Thanks for your help. After debugging with strace I was able to narrow down the problem to an selinux issue with rsync. This article helped me resolve the problem http://danwalsh.livejournal.com/61646.html.

@khan8037 How were you able to resolve this? I'm running into this issue with a clean install of CentOS6.5. Checked that blog, but never really configured SELinux in this manner before.
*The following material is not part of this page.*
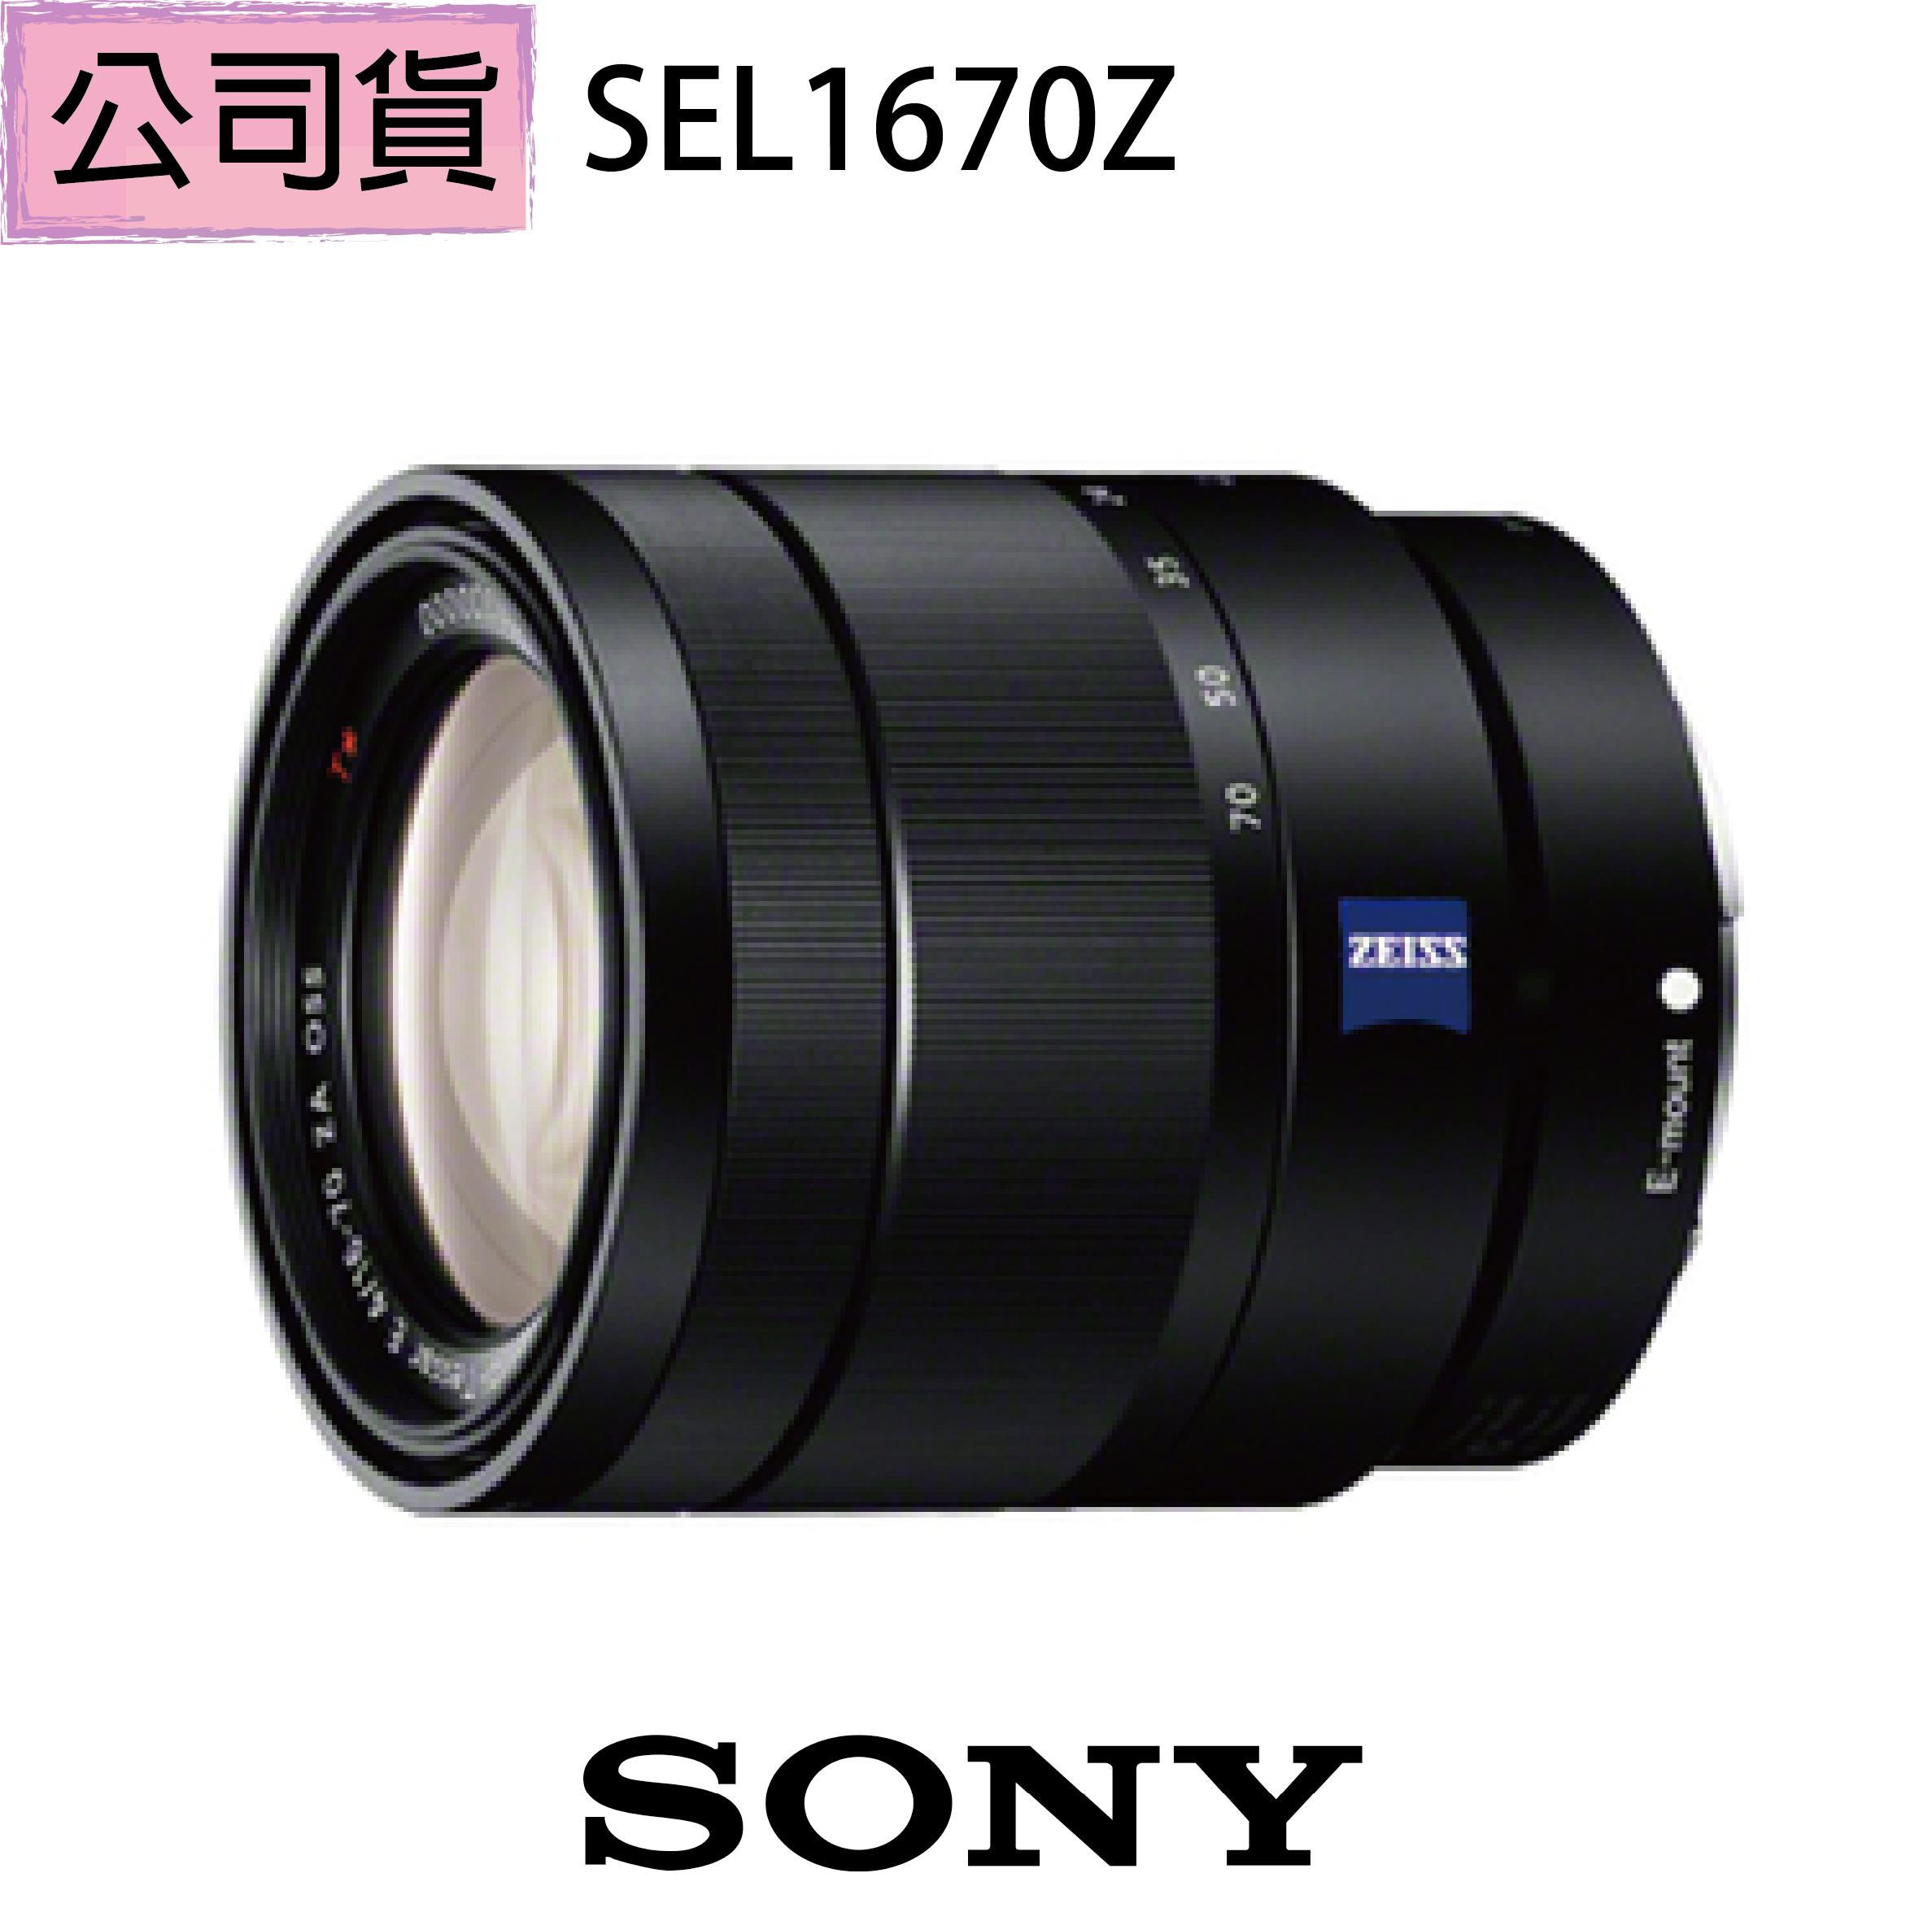 【SONY】SEL1670Z 恆定光圈變焦鏡 (公司貨)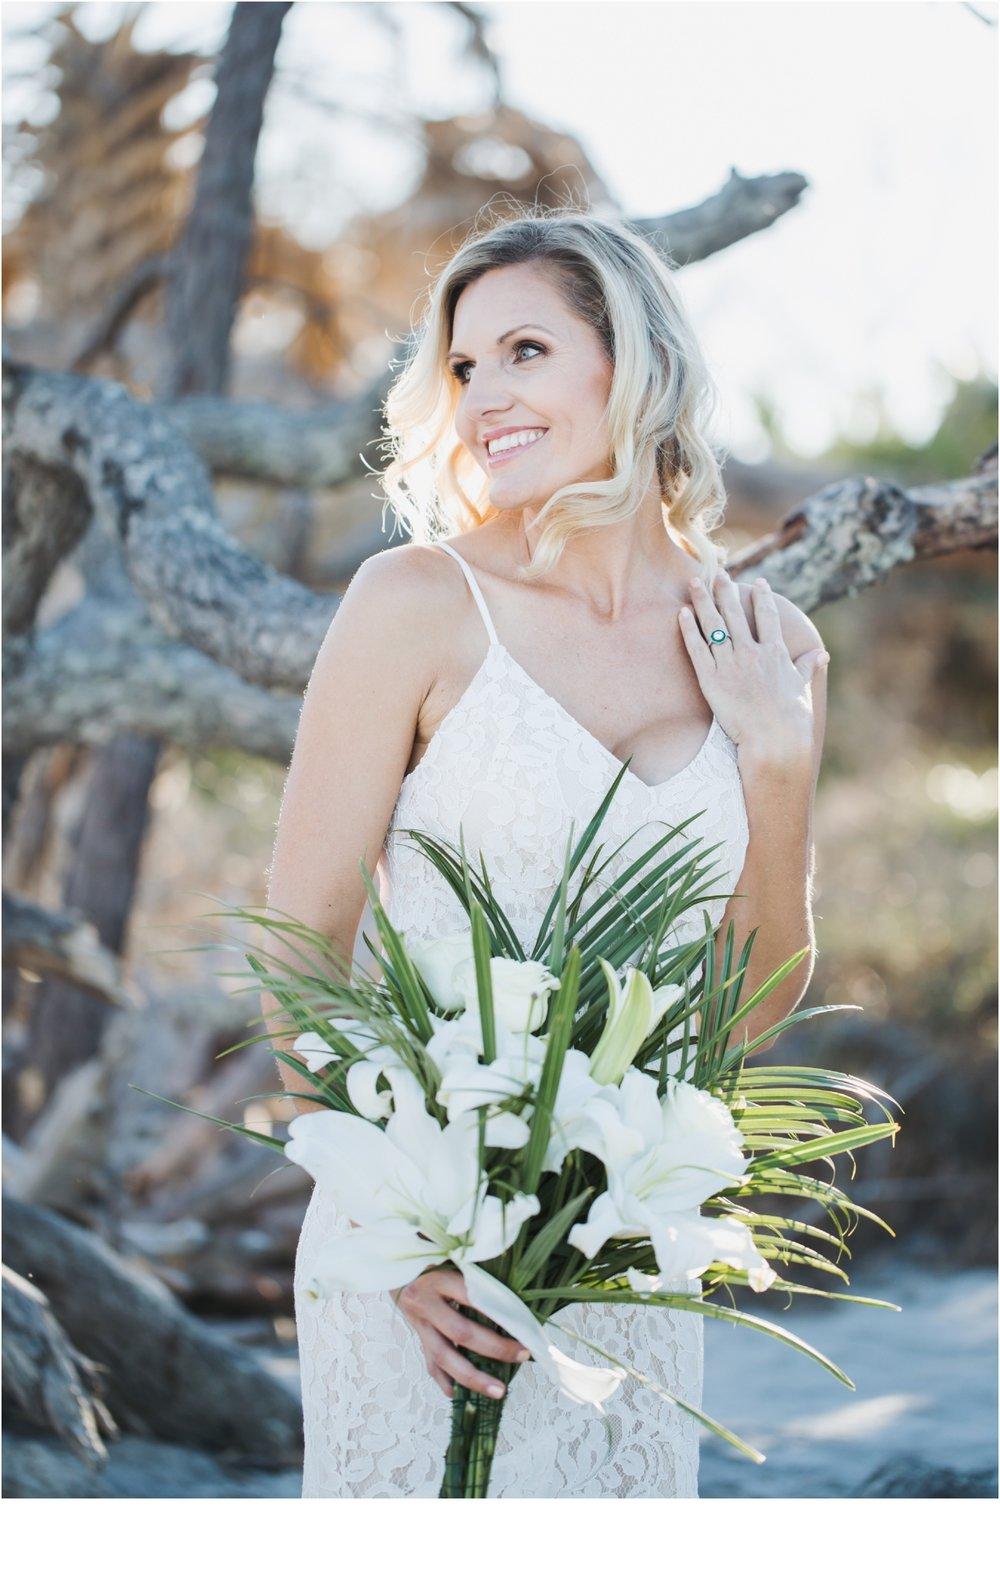 Rainey_Gregg_Photography_St._Simons_Island_Georgia_California_Wedding_Portrait_Photography_1567.jpg

I ended up changing the selinux label of /usr/bin/rsync to bin_t. I also changed the selinux boolean postgresql_can_rsync to true. The exact commands I used were

# semanage fcontext -a -t bin_t "/usr/bin/rsync"
# restorecon -R -v /usr/bin/rsync
# setsebool -P postgresql_can_rsync on

Thank you so much!
How in the world anyone without some pretty advanced sysadmin knowledge would ever figure this out from a base install is beyond me.

Yeah - what Keith said. Thanks for the info. not sure how common it is, but I would be 100% at loss if it would ever hit me.